On the plus side, the above-linked article includes graphs indicating how weak and internally contradictory the evidence is. So if you go through the entire paper and look at the graphs, you should get a sense that there’s not much going on here.

But if you just read the abstract and you don’t know about all the problems with such studies, you could really get fooled.

The thing that people just don’t get is that is just how easy it is to get “p less than .01” using uncontrolled comparisons. Uri Simonsohn explains in his post, “P-hacked Hypotheses Are Deceivingly Robust,” along with a story of odd numbers and the horoscope.

It’s our fault

Statistics educators, including myself, have to take much of the blame for this sad state of affairs.

We go around sending the message that it’s possible to get solid causal inference from experimental or observational data, as long as you have a large enough sample size and a good identification strategy.

People such as the authors of the above article then take us at our word, gather large datasets, find identification strategies, and declare victory.
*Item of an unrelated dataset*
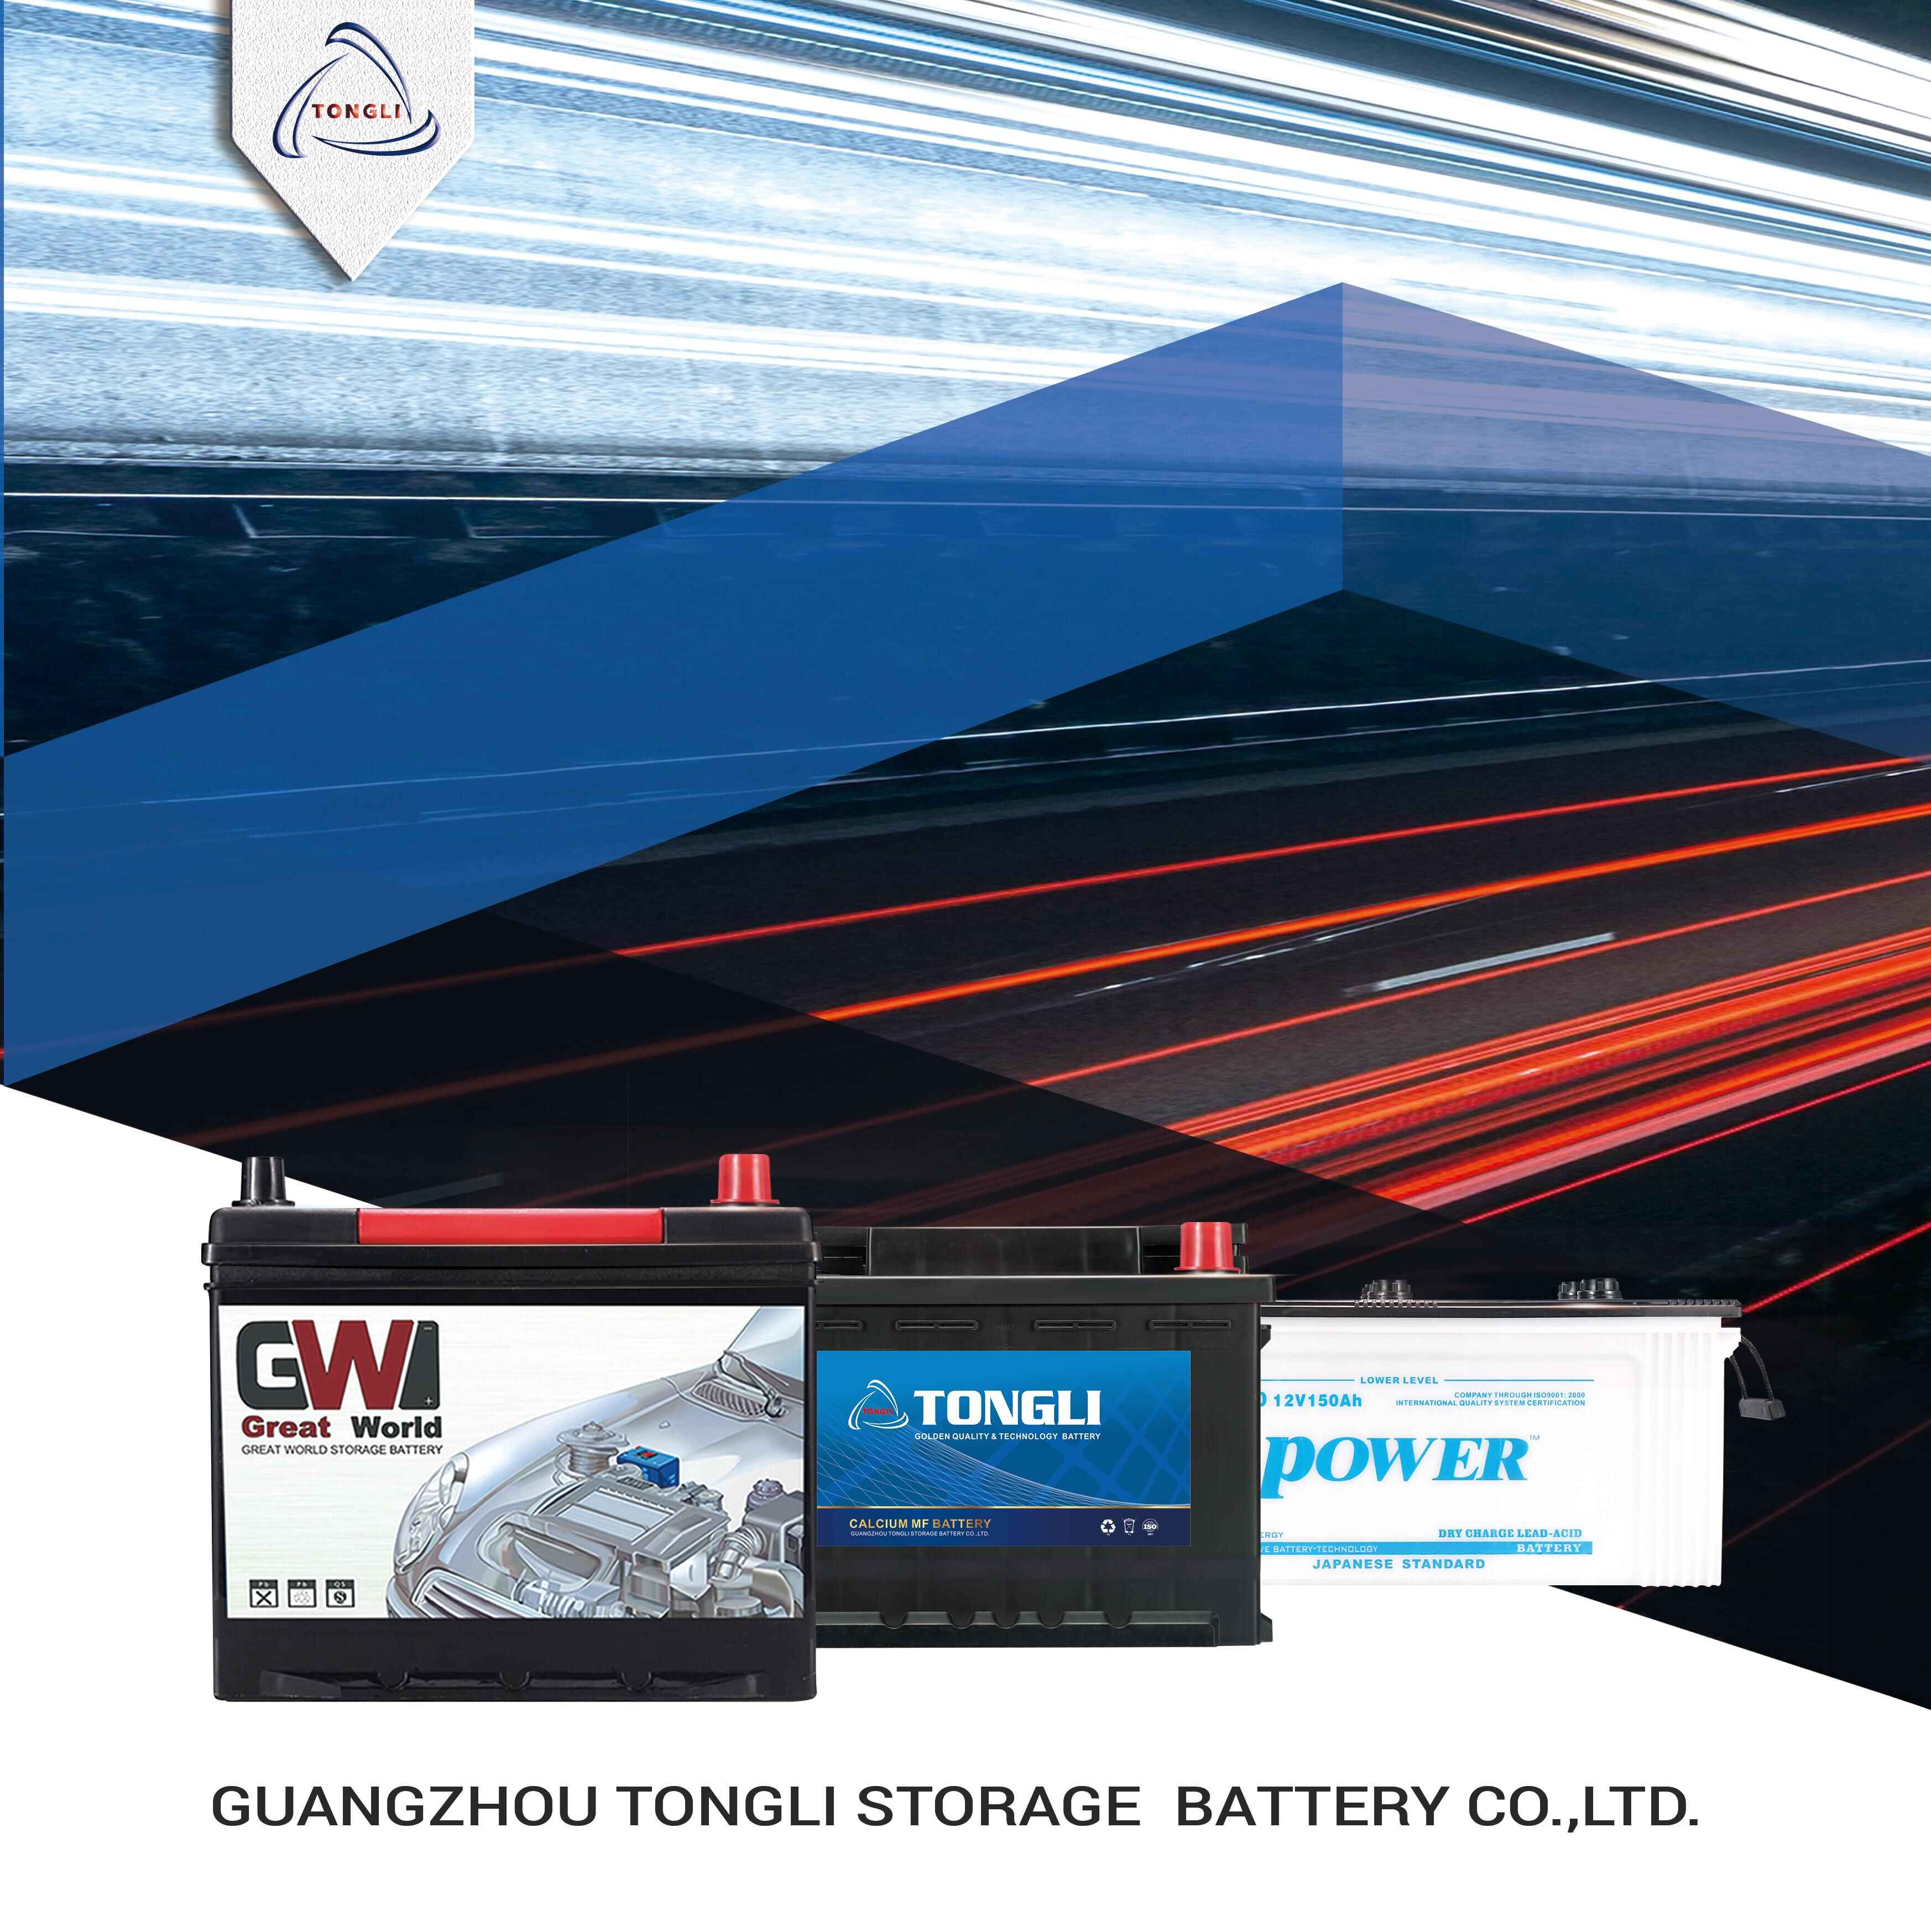 POWER Brand Car Battery 12V 80Ah Dry Charged Battery

The thing we didn’t say in our textbooks was that this approach doesn’t work so well in the absence of clean data and strong theory. In the example discussed above, the data are noisy—lots and lots of things affect lifespan in much more important ways than whether you win or lose an election—and, as already noted, the theory is weak and doesn’t even predict a direction of the effect.

The issue is not that “p less than .01” is useless—there are times when “p less than .01” represents strong evidence—but rather that this p-value says very little on its own.

I suspect it would be hard to convince the authors of the above paper that this is all a problem, as they’ve already invested a lot of work in this project. But I hope that future researchers will realize that, without clean data and strong theory, this sort of approach to scientific discovery doesn’t quite work as advertised.

And, again, I’m not saying the claim in that published paper is false. What I’m saying is I have no idea: it’s a claim coming out of nowhere for which no good evidence has been supplied. The claim’s opposite could just as well be true. Or, to put it more carefully, we can expect any effect to be highly variable, situation-dependent, and positive in some settings and negative in others.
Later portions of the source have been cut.